Tournament statistics
- Games played: 44
- Goals scored: 332 (7.55 per game)
- Scoring leader: Dean Dunstan

Awards
- MVP: Travis Fudge

= 2010 FIRS Men's Inline Hockey World Championships =

International sports tournament

The 2010 FIRS Men's Inline Hockey World Championships was the 16th FIRS Men's Inline Hockey World Championships, an annual international inline hockey tournament organised by the International Roller Sports Federation. It took place between 12 and 17 July 2010 in Beroun, Czech Republic. The United States team was the defending champion, having won the previous two championships.

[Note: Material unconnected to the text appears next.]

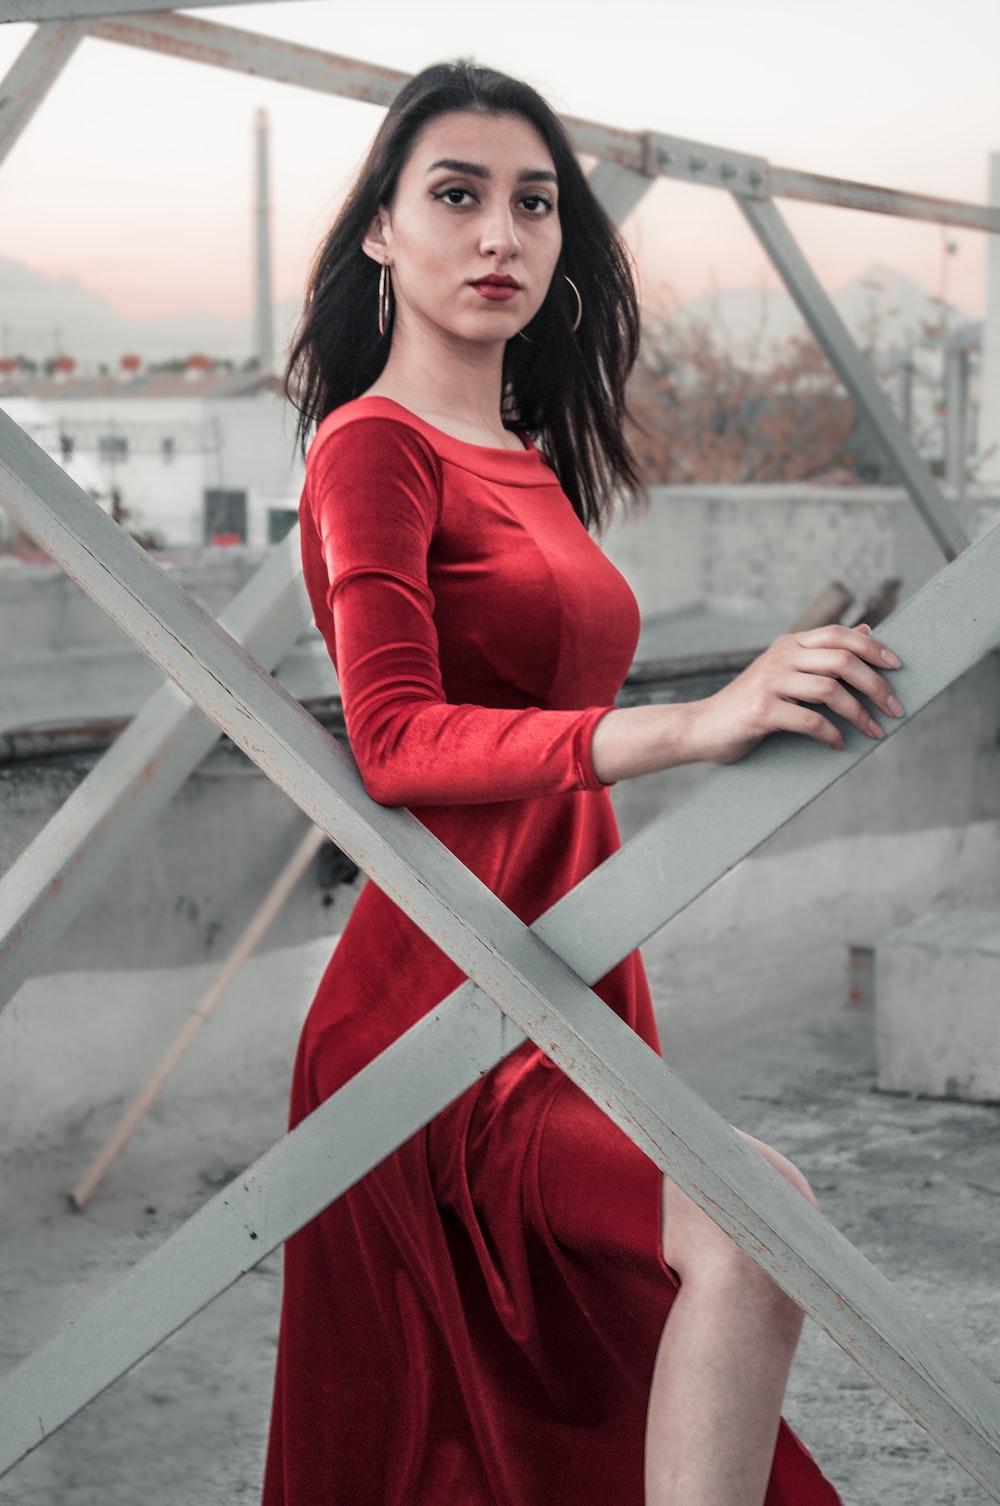 woman standing near metal fence
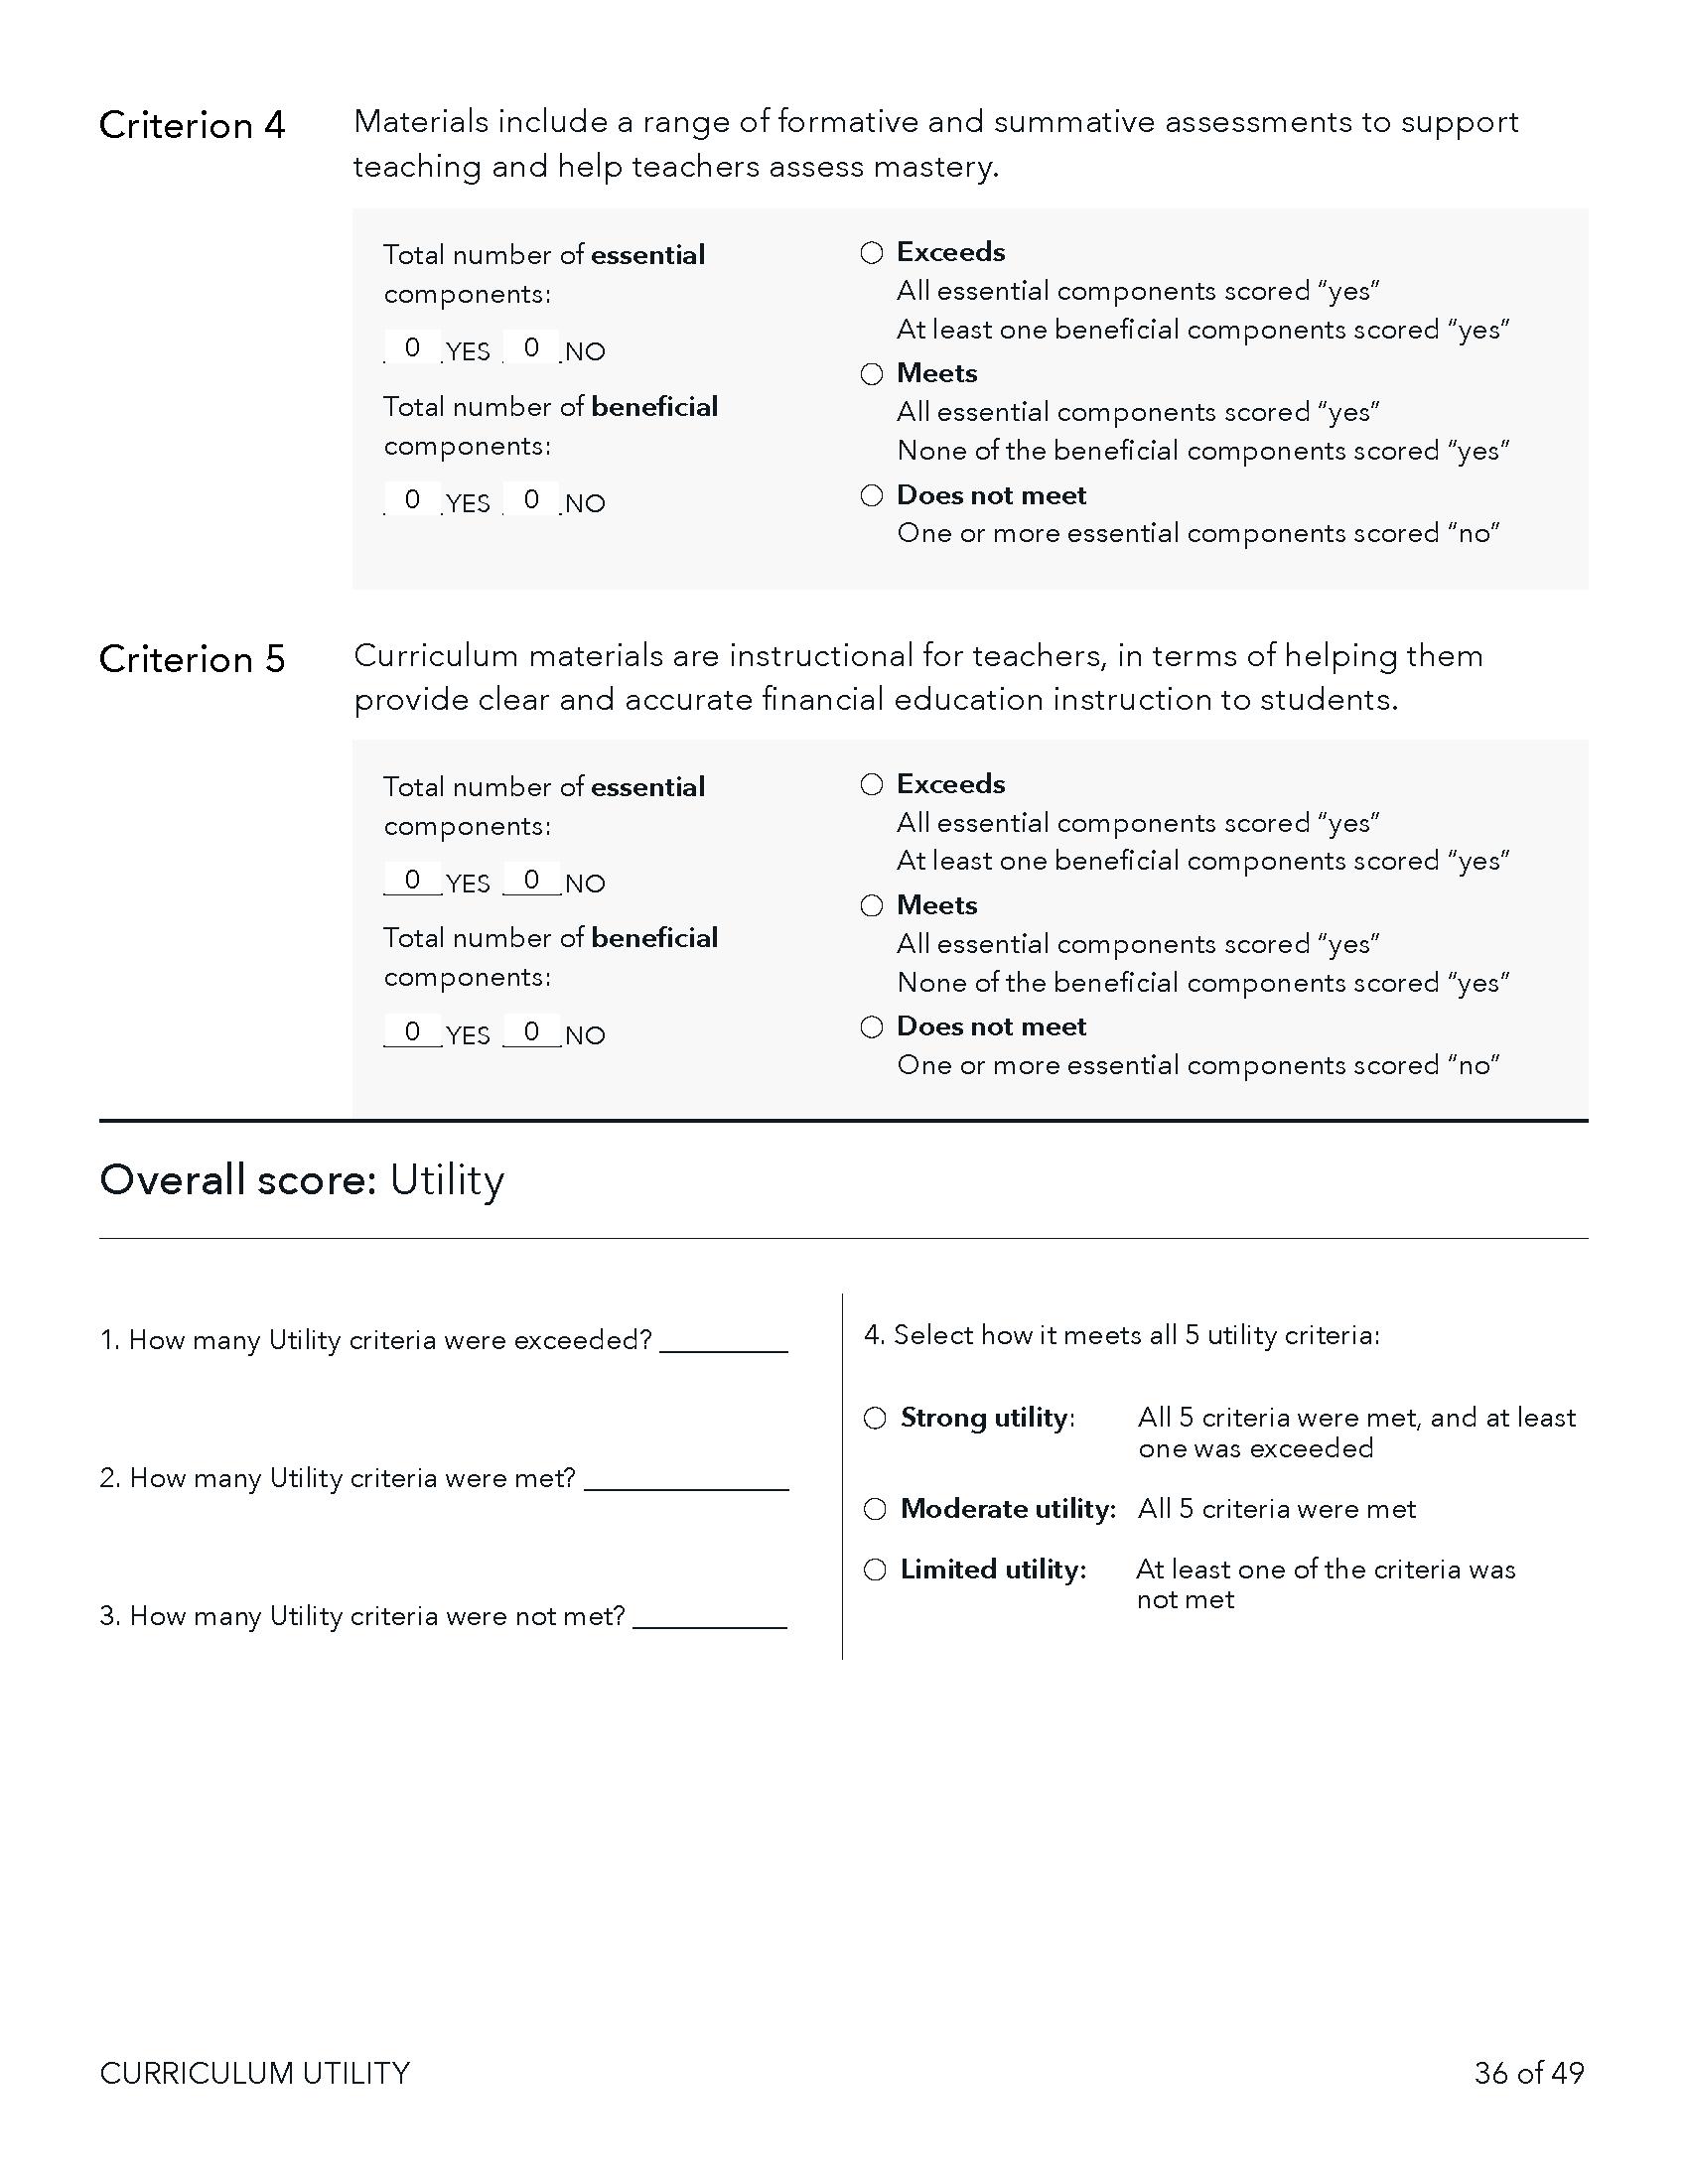 CRT utility scoring

The tournament was won by the United States, who claimed their 12th world championship title by defeating Switzerland 6–1 in the World Championship final. The Czech Republic won against France 5–2 for the bronze medal. Spain won the World Cup tournament defeating Australia 1–0. The United States' Travis Fudge was named MVP of the tournament. Australia's Dean Dunstan and Michael Smart were the tournament's leading scorer and goaltender in save percentage respectively.

==Participating nations==
The following 14 nations qualified for the tournament. One nation from Oceania, seven nations from Europe, three nations from North America, and three nations from South America were represented.

Group A

Group B

Group C

==Group stage==
Fourteen participating teams were placed in the following four groups. After playing a round-robin, the top three teams from Group A and Group B advanced to World Championship round. The last team in Group A and B advanced to the World Cup round. Teams in Group C also competed in a round-robin with the top two teams advancing to the World Championship round. The teams who finished third and fourth advanced to the World Cup round and the two teams who finished fifth and sixth are sent to compete in the 13th-14th placement game.

===Group A===

| Team | Pld | W | D | L | GF | GA | GD | Pts | Qualification |
| France | 3 | 2 | 1 | 0 | 12 | 6 | +6 | 5 | World Championship round |
| United States | 3 | 2 | 0 | 1 | 17 | 4 | +13 | 4 |
| Switzerland | 3 | 1 | 1 | 1 | 18 | 11 | +7 | 3 |
| Colombia | 3 | 0 | 0 | 3 | 2 | 28 | −26 | 0 | World Cup round |

===Group B===

| Team | Pld | W | D | L | GF | GA | GD | Pts | Qualification |
| Czech Republic | 3 | 3 | 0 | 0 | 16 | 3 | +13 | 6 | World Championship round |
| Canada | 3 | 2 | 0 | 1 | 15 | 9 | +6 | 4 |
| Italy | 3 | 1 | 0 | 2 | 9 | 14 | −5 | 2 |
| Spain | 3 | 0 | 0 | 3 | 3 | 17 | −14 | 0 | World Cup round |

===Group C===

| Team | Pld | W | D | L | GF | GA | GD | Pts | Qualification |
| Mexico | 5 | 3 | 1 | 1 | 19 | 16 | +3 | 7 | World Championship round |
| Germany | 5 | 3 | 1 | 1 | 29 | 19 | +10 | 7 |
| Great Britain | 5 | 3 | 0 | 2 | 24 | 19 | +5 | 6 | World Cup round |
| Australia | 5 | 3 | 0 | 2 | 22 | 13 | +9 | 6 |
| Argentina | 5 | 2 | 0 | 3 | 21 | 23 | −2 | 4 | 13–14th placement |
| Venezuela | 5 | 0 | 0 | 5 | 10 | 35 | −25 | 0 |

==World Championship==
The World Championship round is the top level playoff where the winning team finishes first overall for the tournament and wins the gold medal. It comprises the top three teams from Group A and B and the top two teams from Group C. The winning teams in the quarter-finals move on to compete in the semi-finals, while the losing teams are sent to the fifth-8th placement round. The two winning teams in the semi-finals advance to the gold medal game leaving the losing teams to compete for the bronze medal and third and fourth spot overall.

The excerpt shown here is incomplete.